Oscar is three, and can be very frustrating and exhausting. He wants to talk to me about everything, and it’s not enough for me to say, “OK,” or “That’s nice.” He wants a full demonstration of active listening skills. I have to look at him, repeat exactly what he just said, and offer my own insights. If I try to multitask, frantically answering work emails or grading papers on the computer, Oscar will get impatient and upset. “Mom, talk to me, talk to me!” I’ll pause what I’m doing and say, “What do you want to talk about?”

He will smile and say, “Oscar!”

Right now Oscar loves trains, cars, trucks, playing in his sand box, getting dirty, and eating peanut butter and jelly; but also broccoli, zucchini, carrots and chicken. He loves Elmo and Cookie Monster, but also Curious George, Frog and Toad, Little Bear, the Hulk, and his baby sister.

His baby sister Aria.

Oscar will ask, “Where’s Aria?” or say, “I want Aria.” He loves stroking her hair, holding her, waving toys in her face, and making obnoxious noises about 1/4 of an inch from her nose. He has already mastered the art of being an annoying big brother.

Aria is three months old today. For the first month or so, she would sleep all day and want to party all night. She would nurse happily at 2:oo A.M. and then look around and say, “Why is it so dark? Why the long face?” She would be perfectly content as long as the light was on and I was sitting upright gazing lovingly into her little face. Try to sleep, or turn out the light, or even lie down, and she would tell me all about her hurt feelings. I would say, “It’s not all about you, Aria.” Aria would say, “Oh really? Try this: whaaaaaaaaaaaaa!!!”

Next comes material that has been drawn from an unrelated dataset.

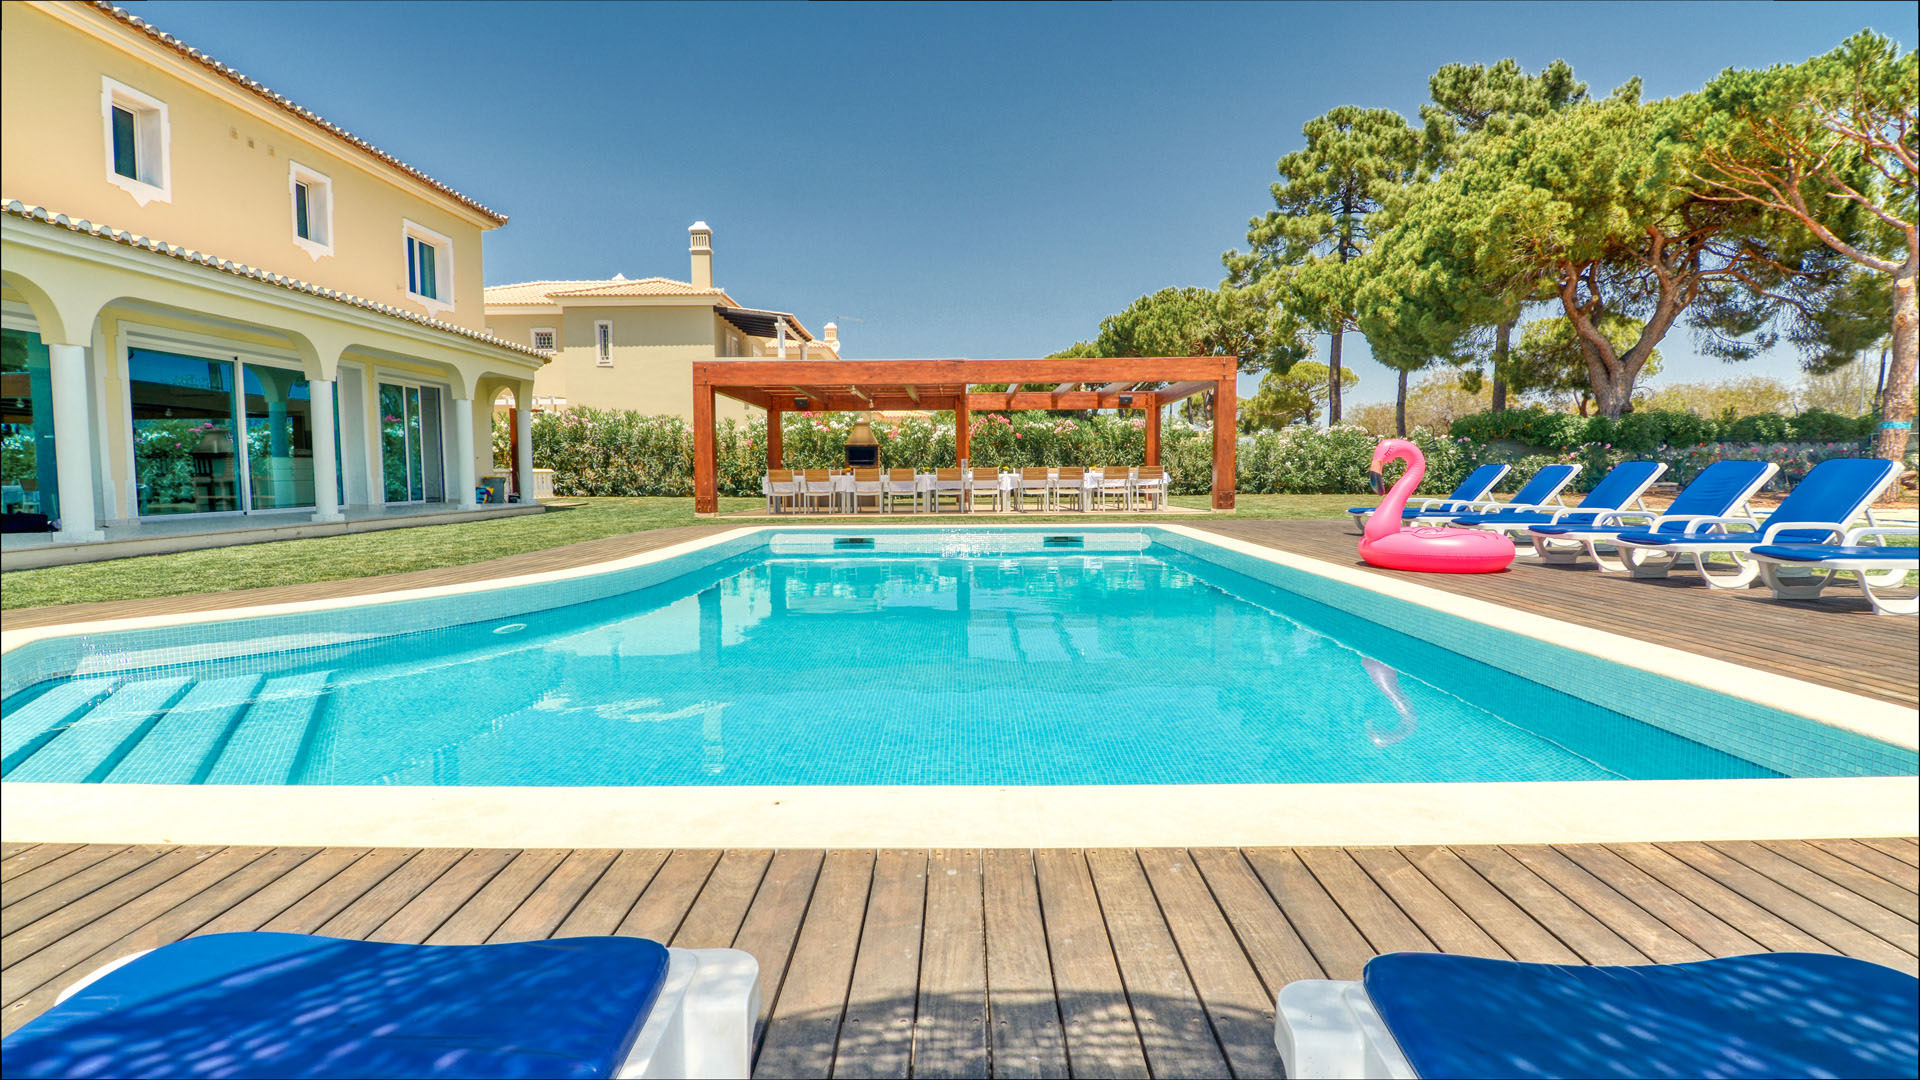 Luxurious Algarve Villa with Oversized Back Garden, Pool, and Yachts for Rent

Luckily, in the past month, nights have become so much easier. Nursing is a piece of cake this time around, after the hell I went through the first three months of nursing Oscar. Recovering from the c-section was easier this time around, mainly because I knew what to expect. Three months later my incision site still hurts if I sit up too quickly or twist a certain way. I have a seven-inch scar to remind me of two of the most magical, beautiful, happy, terrifying, exhausting, and physically painful days of my life.

Sometimes, driving along in the car, Oscar will declare, “Aria came out of Mama’s tummy!”

Both of my children came out of my heart. They took a piece of it with them. They will be there forever.